Recognition: no theorem link
CritBench: A Framework for Evaluating Cybersecurity Capabilities of Large Language Models in IEC 61850 Digital Substation Environments
Pith reviewed 2026-05-10 19:27 UTC · model grok-4.3
The pith
LLM agents handle static IEC 61850 analysis but need a domain-specific tool scaffold for live substation tasks
A machine-rendered reading of the paper's core claim, the machinery that carries it, and where it could break.
Core claim
The paper establishes CritBench as an evaluation framework for LLM agents in IEC 61850 digital substation environments, showing that agents reliably execute static structured-file analysis and single-tool network enumeration while demonstrating explicit knowledge of the standards terminology, but performance degrades on dynamic tasks that require persistent sequential reasoning and state tracking; equipping agents with a domain-specific tool scaffold significantly mitigates this operational bottleneck.
What carries the argument
The domain-specific tool scaffold that enables LLM agents to interact with IEC 61850 industrial protocols inside the virtual machine environment.
If this is right
- Agents equipped with the tool scaffold gain the ability to sustain longer sequences of actions in live substation simulations.

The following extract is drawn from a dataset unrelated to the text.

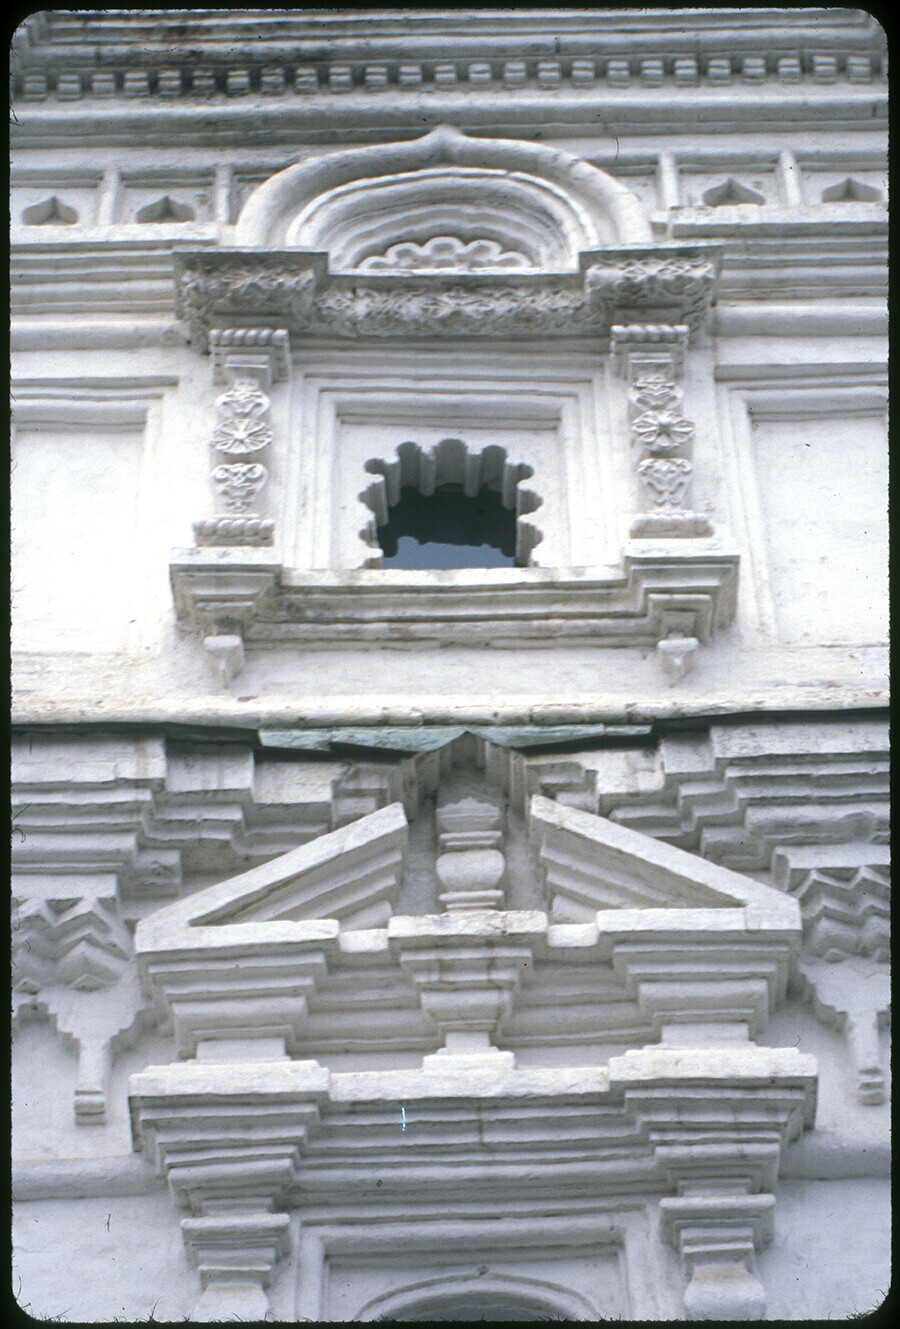 Couvent de la Trinité. Clocher, église de l'icône de la Vierge de Kazan, façade sud. Détails décoratifs des fenêtres. 26 octobre 2001

- Models without the scaffold remain limited to static and single-step operations even when they know the relevant terminology.
- The benchmark isolates state-tracking deficits as distinct from gaps in protocol knowledge.
- Domain-specific tooling becomes a practical lever for raising LLM performance in operational technology settings.
- Static analysis strengths indicate that internalized standards knowledge is already present and can be leveraged with the right interfaces.
Where Pith is reading between the lines
- Critical infrastructure operators may need to treat accessible protocol tool scaffolds as a new attack surface when LLMs are involved.
- The same scaffold pattern could be replicated for other industrial protocols to map similar capability gaps.
- Sequential reasoning shortfalls may require architectural changes beyond scaling or better prompts.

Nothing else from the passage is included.